— Assigned task —
What is needed is a word-for-word copy of the lines below from the one with "三伏天夏日健康运动季跑步机促销海报设计" through the one with "Canada West Two-Gallon", both included, with every picture left out.

— Data —
__________

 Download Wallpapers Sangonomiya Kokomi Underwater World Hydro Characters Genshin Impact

__________

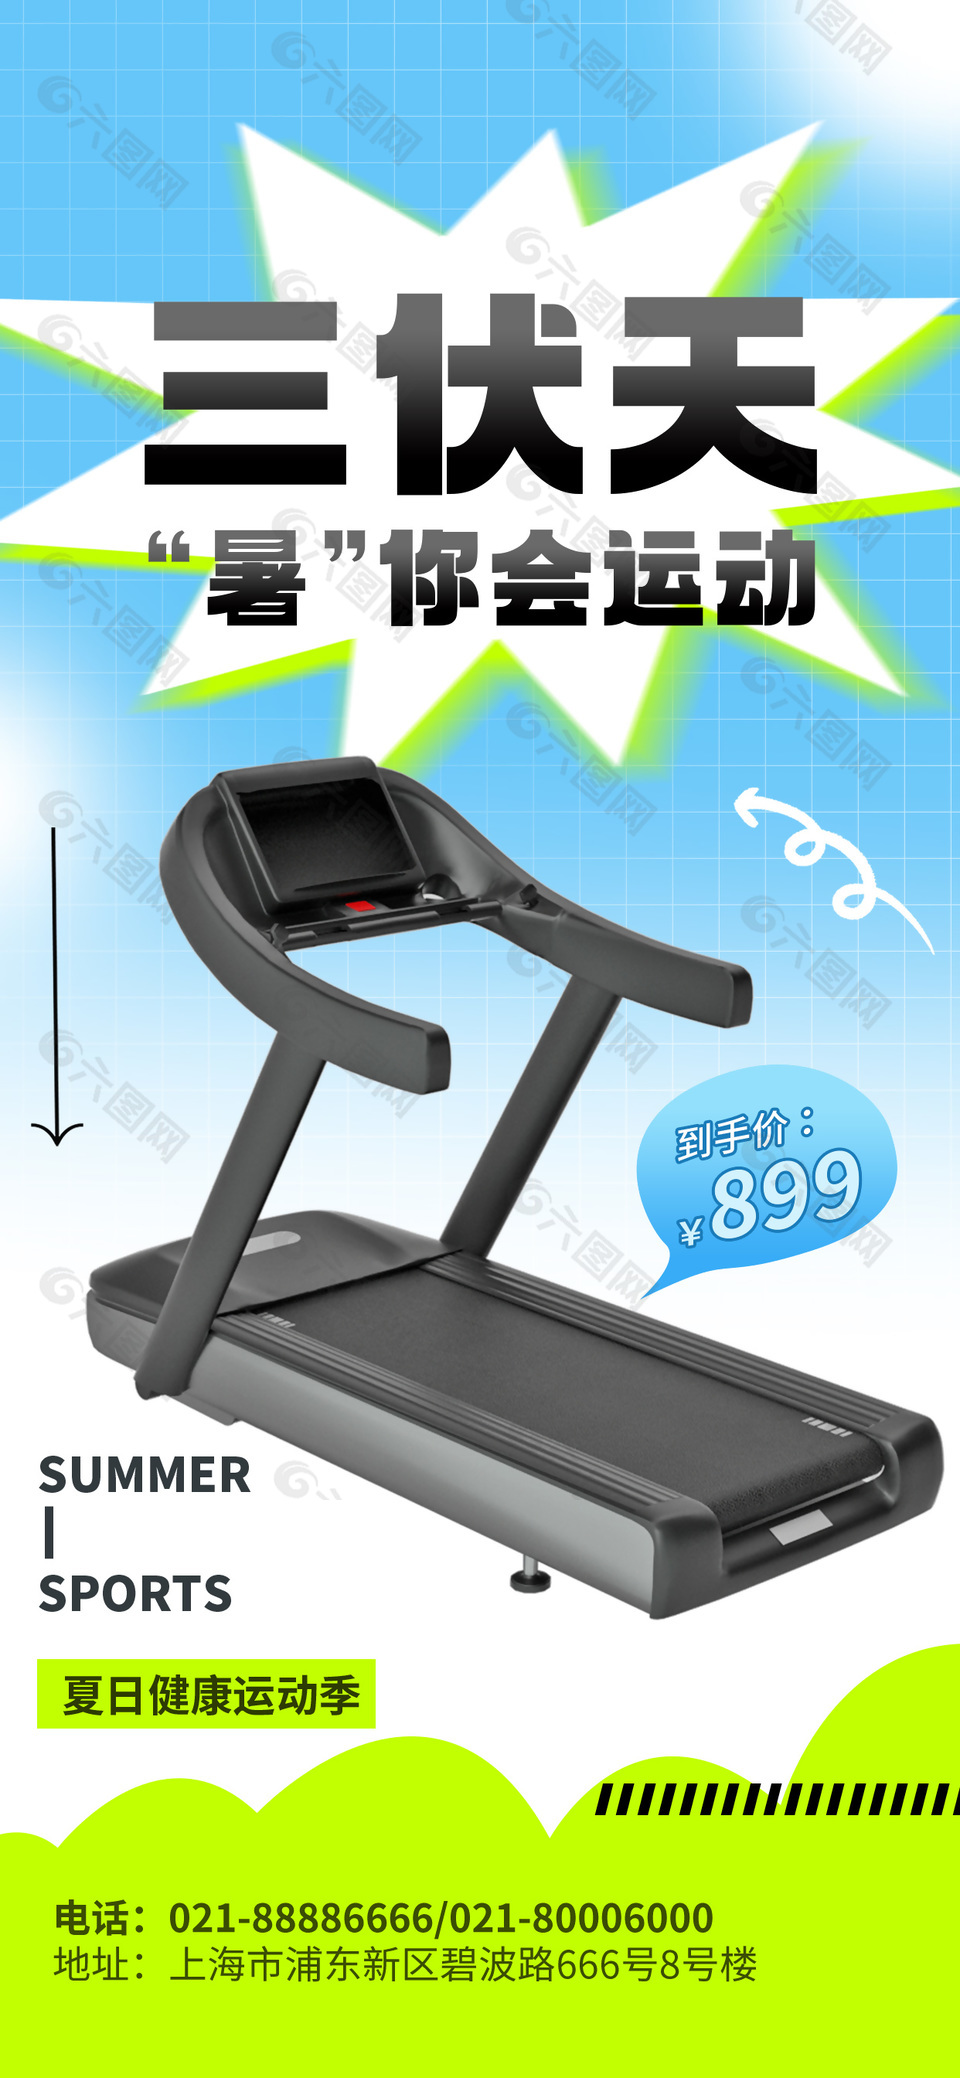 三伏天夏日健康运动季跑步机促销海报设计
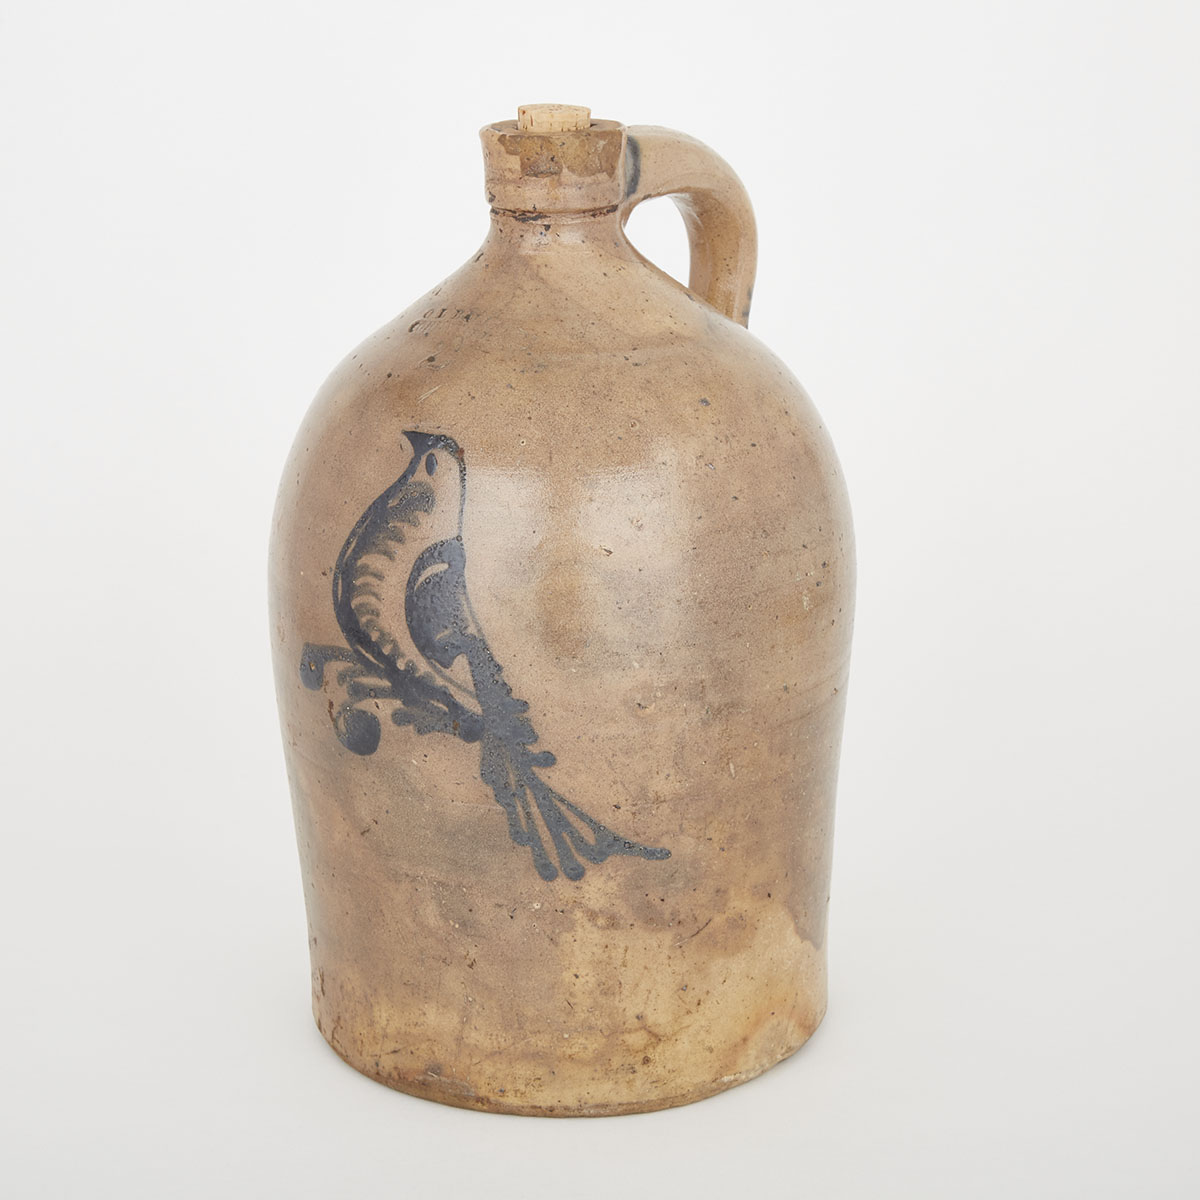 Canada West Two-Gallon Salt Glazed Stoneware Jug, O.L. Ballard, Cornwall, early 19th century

__________

— Solution to the exercise —
 三伏天夏日健康运动季跑步机促销海报设计
 Canada West Two-Gallon Salt Glazed Stoneware Jug, O.L. Ballard, Cornwall, early 19th century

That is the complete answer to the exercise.